I don’t really disagree with anything you’ve written, but, in general, I think we should allow some of our words to refer to “big confusing problems” that we don’t yet know how to clarify, because we shouldn’t forget about the part of the problem that is deeply confusing, even as we incrementally clarify and build inroads towards it.
Do you mean “outer/inner alignment”?
Supposing you mean that—I agree that it’s good to say “and I’m confused about this part of the problem”, while also perhaps saying “assuming I’ve formulated the problem correctly at all” and “as I understand it.”
Sure. However, in future posts, I will further contend that outer and inner alignment is not an appropriate or natural decomposition of the alignment problem. In my opinion, reifying these terms and reasoning from this frame increases our confusion and tacitly assumes away more promising approaches. (That’s not to say that there’s no one ever who is thinking reasonable and concrete thoughts from that frame. But my actual complaint stands.)
Wonderful! I don’t have any complaints per se about outer/inner alignment, but I use it relatively rarely in my own thinking, and it has resolved relatively few of my confusions about alignment.
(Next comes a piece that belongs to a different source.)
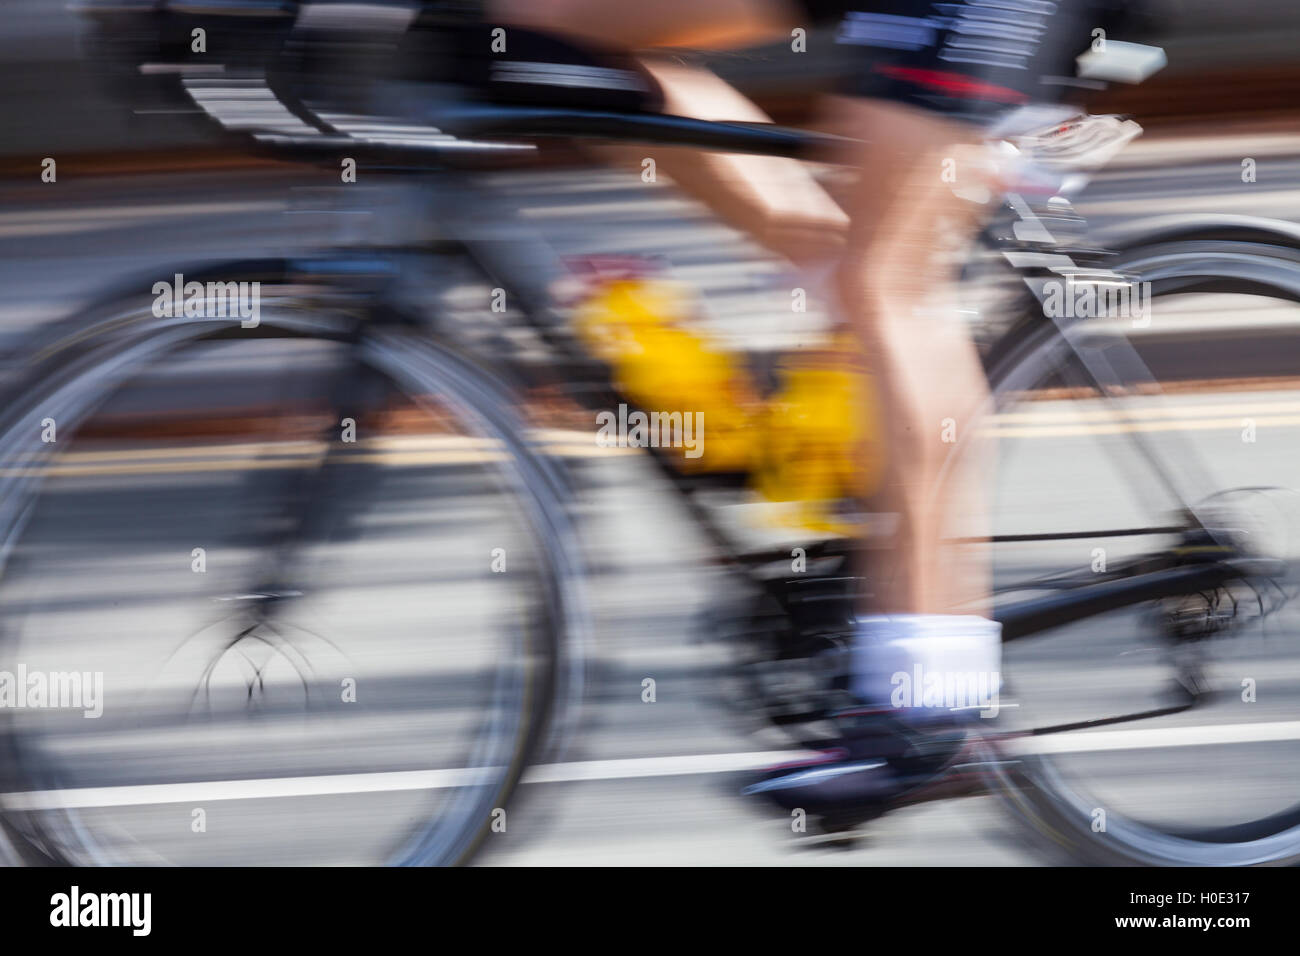 Tenby 2016 Ironman les cyclistes aux suivis et carew vitesse montrant floue Banque D'Images

FWIW I think the most important distinction in “alignment” is aligning with somebody’s preferences versus aligning with what is actually good, and I increasingly have the sense that the former does not lead in any limit to the latter.
I have an upcoming post which might be highly relevant. Many proposals which black-box human judgment / model humans, aren’t trying to get an AI which optimizes what people want. They’re getting an AI to optimize evaluations of plans—the quotation of human desires, as quoted via those evaluations. And I think that’s a subtle distinction which can prove quite fatal.
Right. Many seem to assume that there is a causal relationship good → human desires → human evaluations. They are hoping both that if we do well according to human evaluations then we will be satisfying human desires, and that if we satisfy human desires, we will create a good world. I think both of those assumptions are questionable.
I like the analogy in which we consider an alternative world where AI researchers assumed, for whatever parochial reason, that it was actually human dreams that should guide AI behavior. In this world, they ask humans to write down their dreams, and try to devise AIs that would make the world like that. There are two assumptions here: (1) that making the world more like human dreams would be good, and (2) that humans can correctly report their dreams. In the case of dreams, both of these assumptions are suspect, right? But what exactly is the difference with human desires? Why do we assume that either they are a guide to what is good or can be reported accurately?